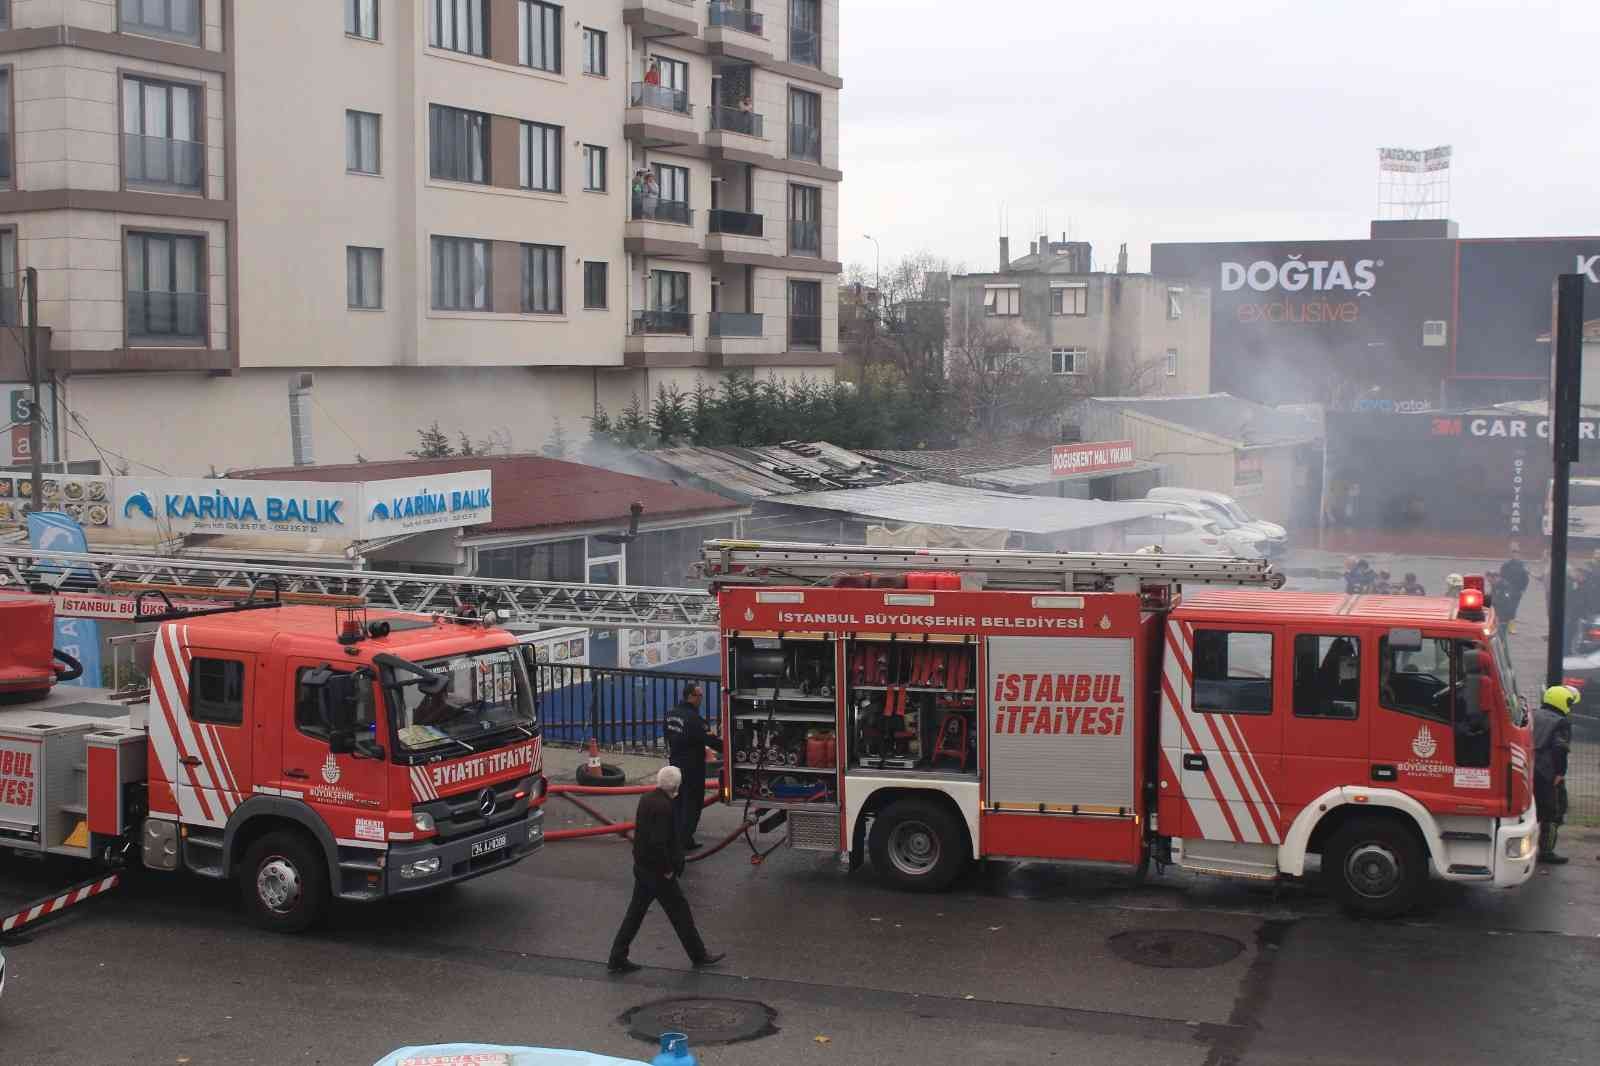 Maltepe’de halı yıkama atölyesinde korkutan yangın #istanbul
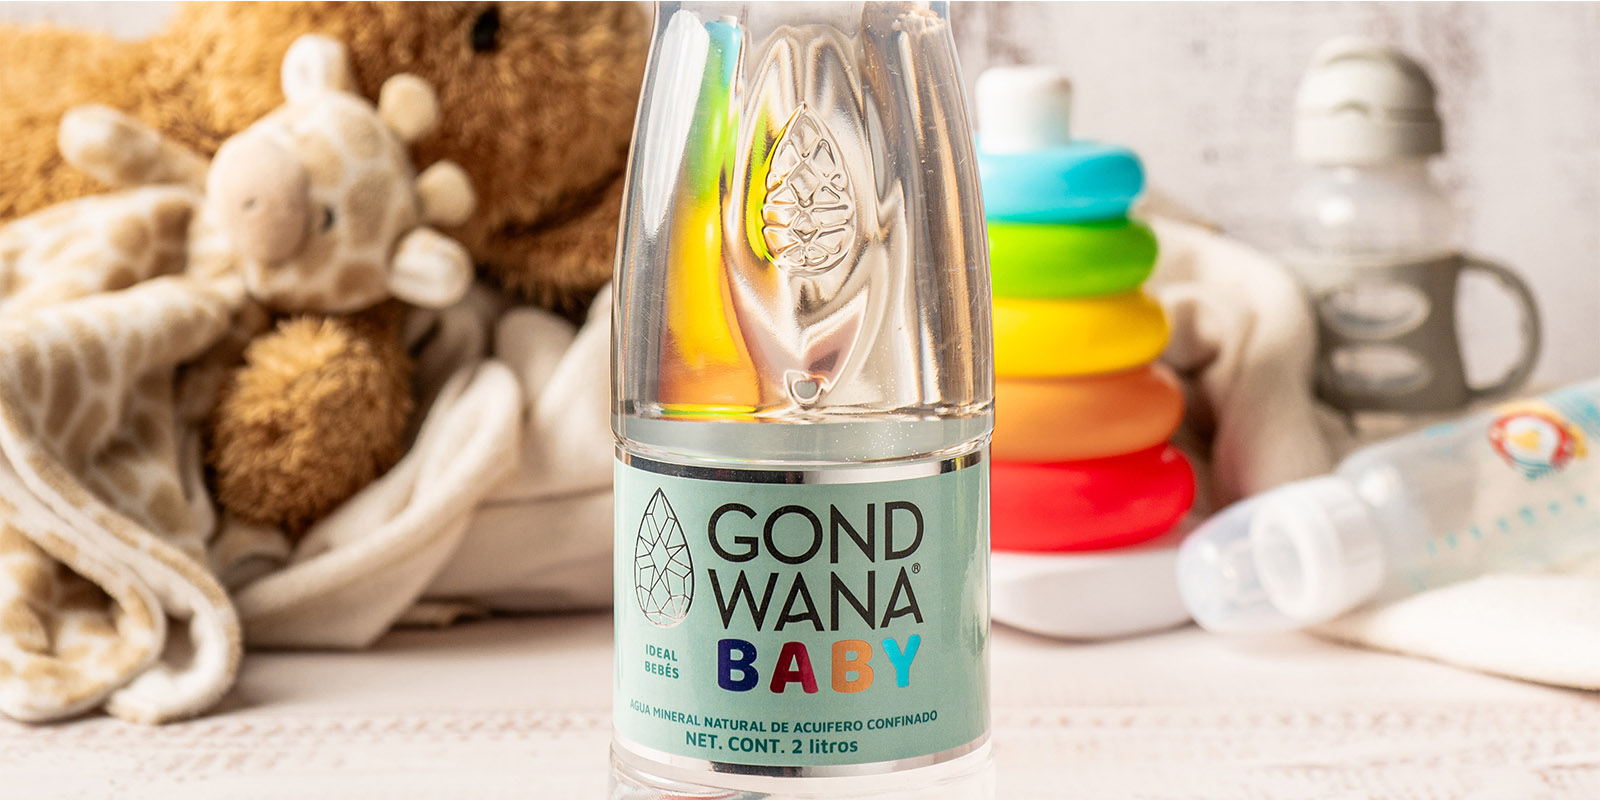 Una botella de agua mineral premium Gond Wana Baby, al lado de un osito de peluche y juguetes de bebé, diseño de packaging por Tridimage.
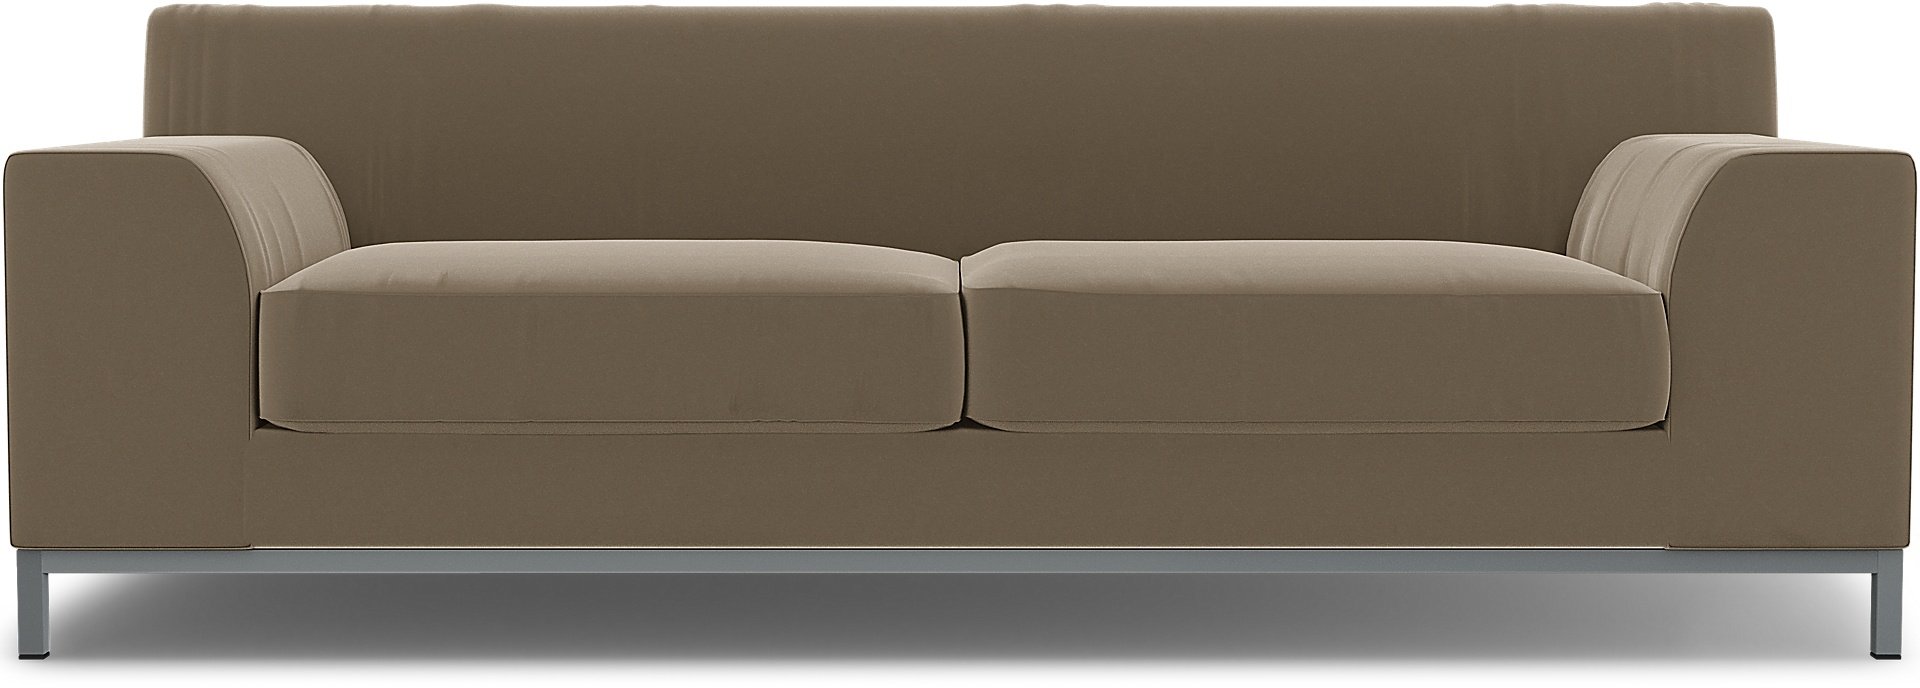 IKEA - Kramfors 3 Seater Sofa Cover, Taupe, Velvet - Bemz
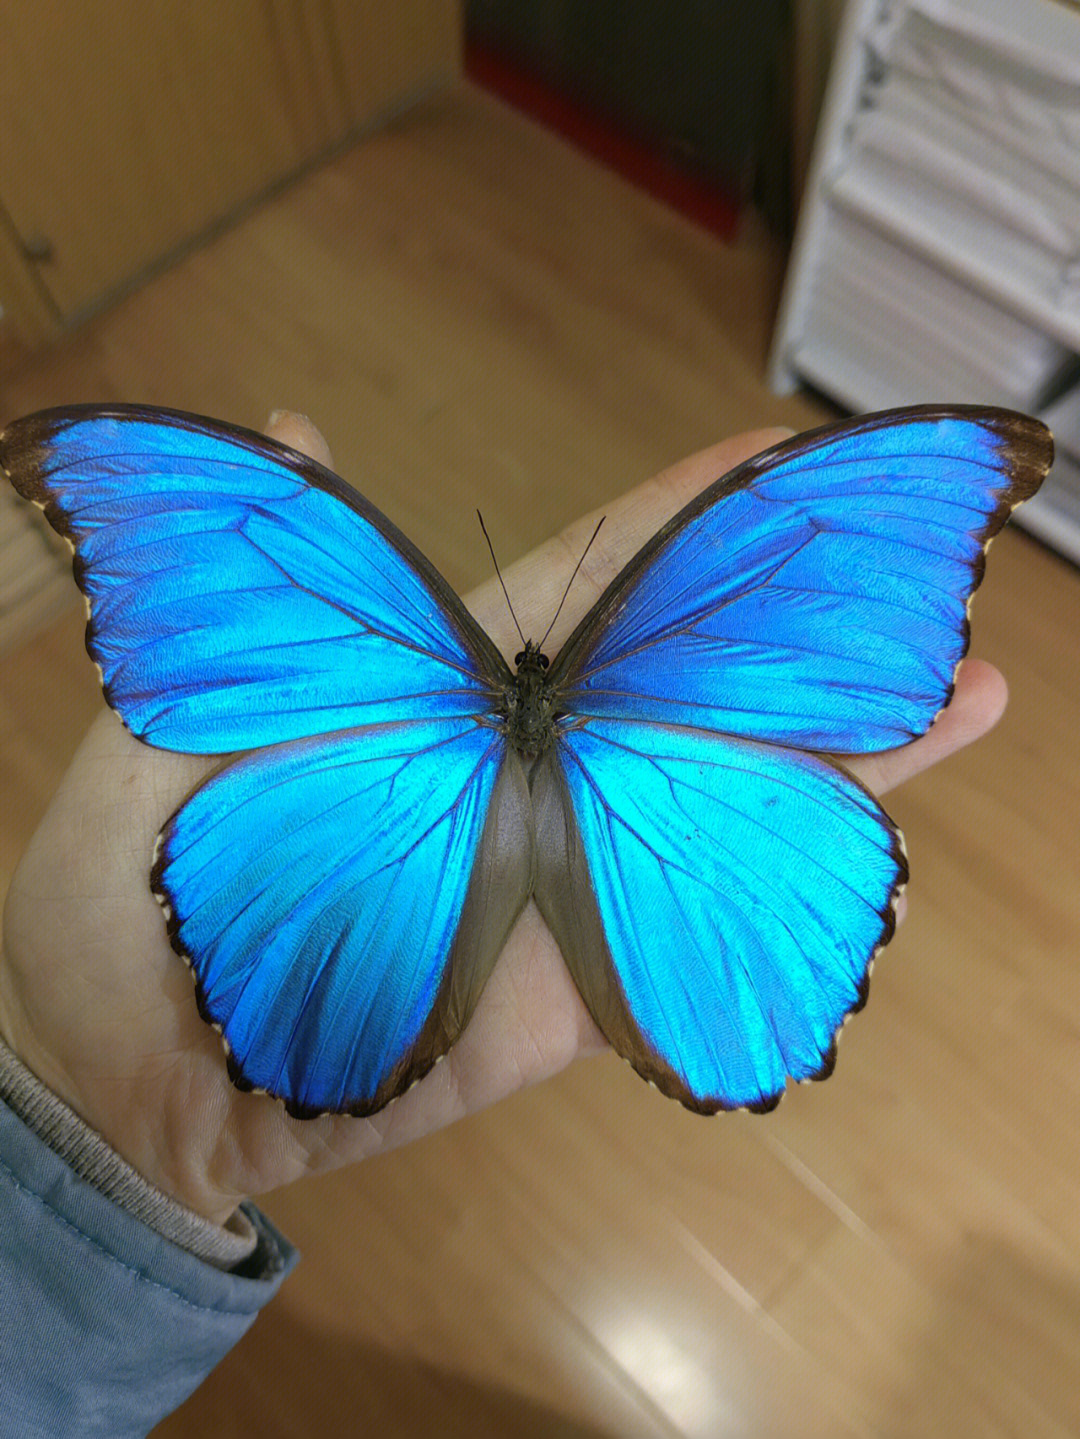 这只蓝闪蝶品相不错,唯一不足就是有下翅有一处小
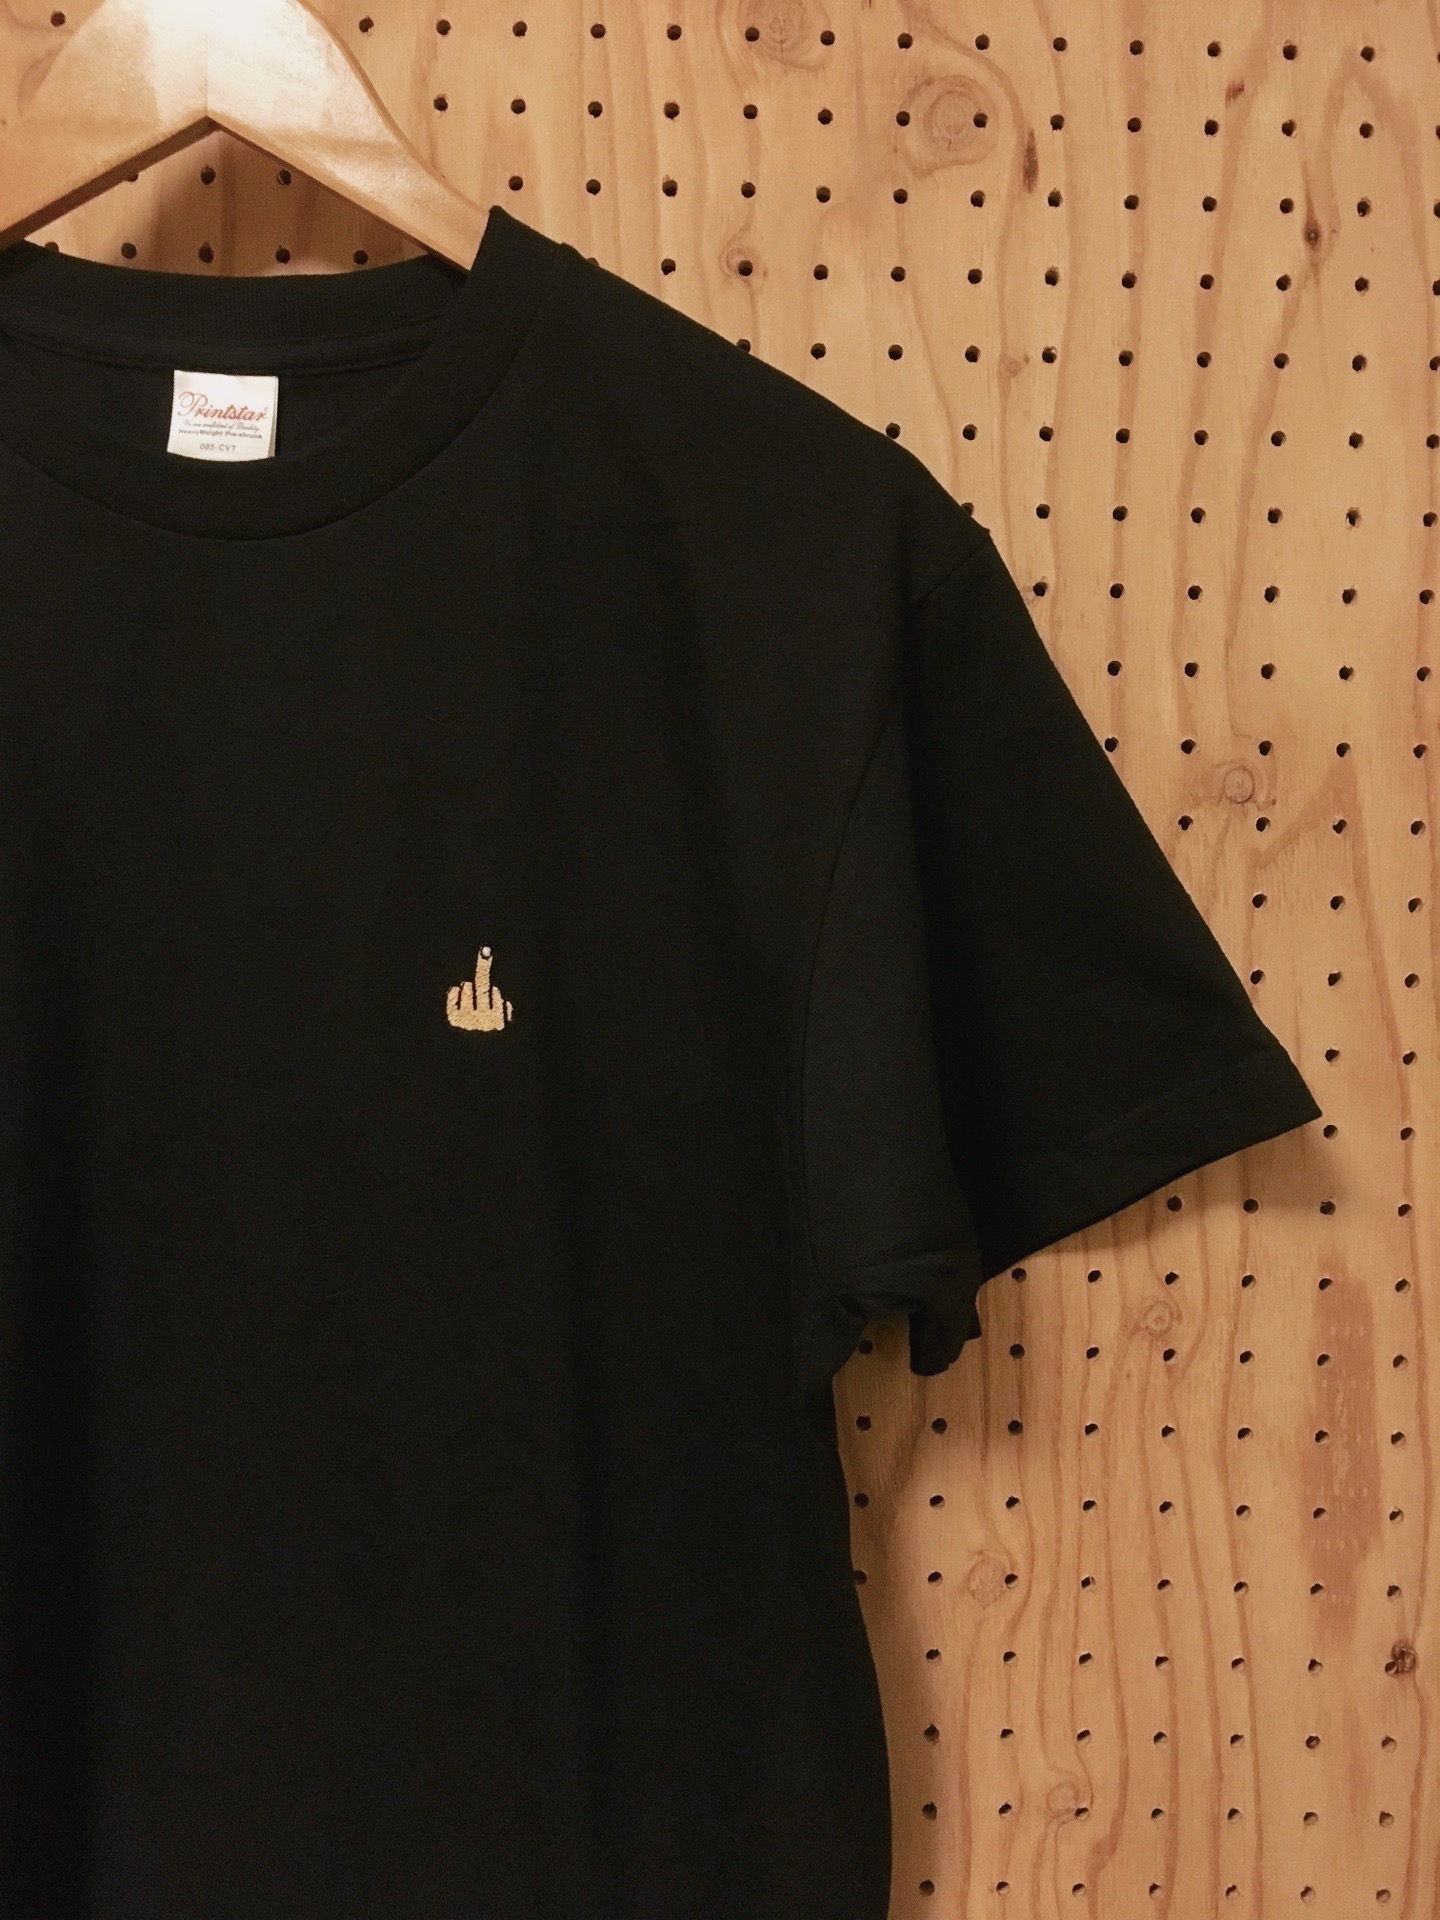 中指ワンポイント刺繍tシャツ Iichi ハンドメイド クラフト作品 手仕事品の通販

### Required action
Your answer must be the entries written out word for word, without their pictures.

### Your response
 Maltepe’de halı yıkama atölyesinde korkutan yangın #istanbul
 Una botella de agua mineral premium Gond Wana Baby, al lado de un osito de peluche y juguetes de bebé, diseño de packaging por Tridimage.
 IKEA - Kramfors 3 Seater Sofa Cover, Taupe, Velvet - Bemz
 这只蓝闪蝶品相不错,唯一不足就是有下翅有一处小
 中指ワンポイント刺繍tシャツ Iichi ハンドメイド クラフト作品 手仕事品の通販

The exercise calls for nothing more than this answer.